Helping Teens Who Cut, Understanding and Ending Self-Injury
By Michael Hollander PhD
Parent Review: A really helpful, relatively short book about a very tough topic for most parents to deal with. It’s very helpful in understanding the issue of teen “cutting”, understanding why they feel the need to do it and then how to help them to stop it. It also draws on the benefits of DBT therapy. Very insightful for parents.
Parent Review: My husband and I literally devoured this book. It really helped to know there was a way to “help” (our daughter).
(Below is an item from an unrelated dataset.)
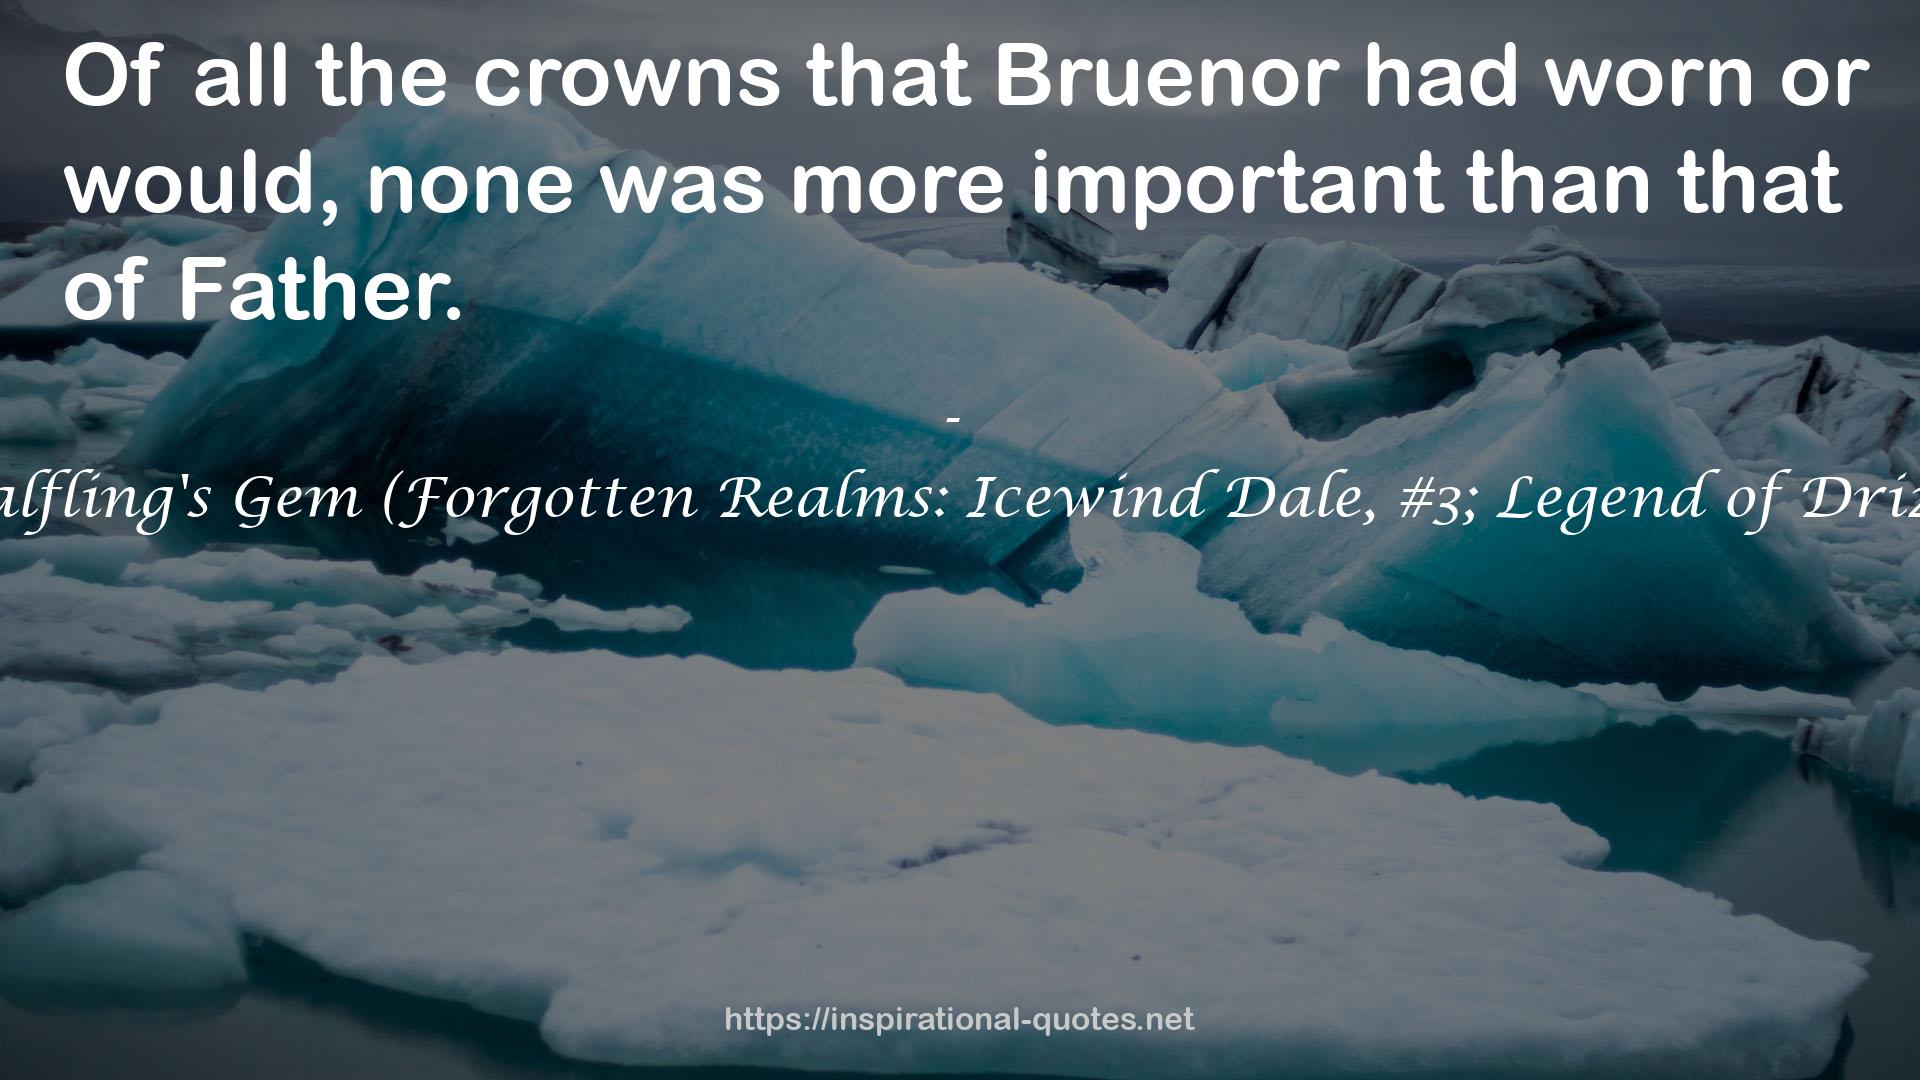 The Halfling's Gem (Forgotten Realms: Icewind Dale, #3; Legend of Drizzt, #6) QUOTES

Buddha’s Brain, The Practical Neuroscience of Happiness, Love & Wisdom
By Rick Hanson PhD w/ Richard Mendius MD
Parent Review: This is about how to train your mind to overcome emotional distress and achieve emotional balance. Links age old meditative practices with new and fascinating brain research to demonstrate how we can actually reshape our thoughts and mental reactions
DBT SKills Training Manual
By Marsha M. Linehan
Parent Review:
We participated in an intensive 12 week therapy DBT group for the parents of children also going through DBT. We did not actually own this book however at each weekly session our group leader used handouts from this manual. Many of these handouts helped us to learn key DBT skills and vocabulary. It may be too much material for a parent to use on their own but for those already working on DBT, perhaps it can be a help. Or if a parent doesn’t have access to a DBT group, it may help guide them. Definitely worth looking at.